Иногда мне казалось, что она все еще меня слышит. И поэтому несколько раз в день я тихонько напевала:
Твои волосы в порядке? Как всегда, причесаны гладко. А хороши ли глаза? Ясные, как слеза. А талия какого размера? Тоньше, чем у королевы.
Тем временем моя собственная талия стала тоньше, а ноги — стройнее. Конечно, не такими стройными, как у Мисс, но все-таки уже почти такими, как нужно.
Папа считал, что Мисс больше не существует. Ведь она даже писать перестала. Мама полагала, что в какой-то мере она еще живая. Сложно сказать, что думала я. Возможно, Мисс никогда и не жила в полном смысле этого слова. Но я все равно продолжала о ней заботиться. Ночью она теперь спала рядом с Пепе. И хотя ее кроватка была для двоих узковатой, все-таки мне казалось, что ей это должно понравиться. Утром я надевала на Мисс халат, который подарила мама, затем переодевала ее в юбку и блузку, затем в брюки и свитер, затем надевала ей раздельный купальник и, наконец, новое платье для тенниса. Вечером, прежде чем надеть пижаму, я наряжала ее в вечернее платье, в котором Мисс некоторое время сидела в своем кресле. Я расчесывала ее волосы и прикрывала ими лысину на затылке. Но волос становилось все меньше, а лысина день ото дня делалась все больше. Так что теперь оставалось только спеть:
— Твои волосы в порядке? — Хотя и причесаны, но сзади редки.
В моих волосах тоже не было ничего особенного. Но они хоть продолжали расти.
А сегодня мы с моей новой подружкой Марианной взяли у Мисс зеркало, чтобы накрасить себе губы и глаза. Получилось красиво. И еще нам было очень весело!

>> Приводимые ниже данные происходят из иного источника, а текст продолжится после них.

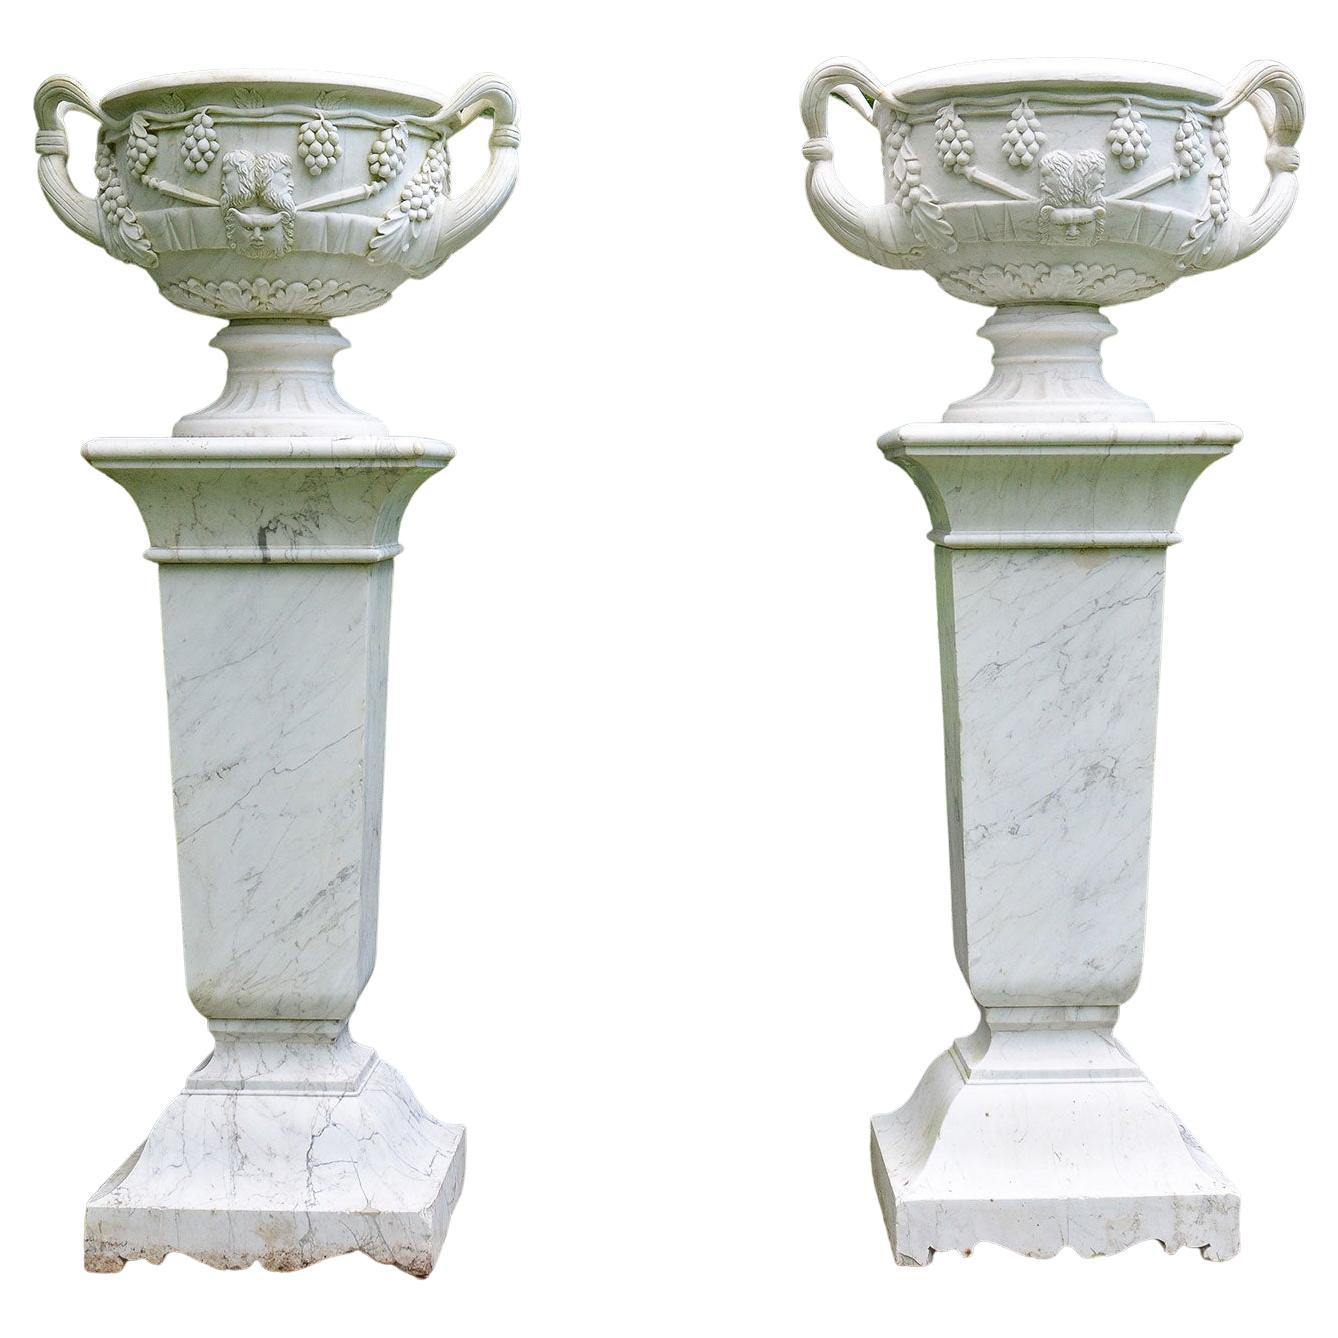 Pair of White Marble Urns on Tall White Marble Pedestals For Sale

— А как насчет истории про другую говорящую куклу, которая за всю свою жизнь не сказала ни слова, ее ты расскажешь когда?
— Никогда.
Печальный ребенок
— Жил на свете один ребенок. И был он печальным. Он лил слезы все дни напролет и даже во сне не переставал плакать. От его слез все делалось мокрым: майка, подушка, книжки, тетрадки… в общем, все.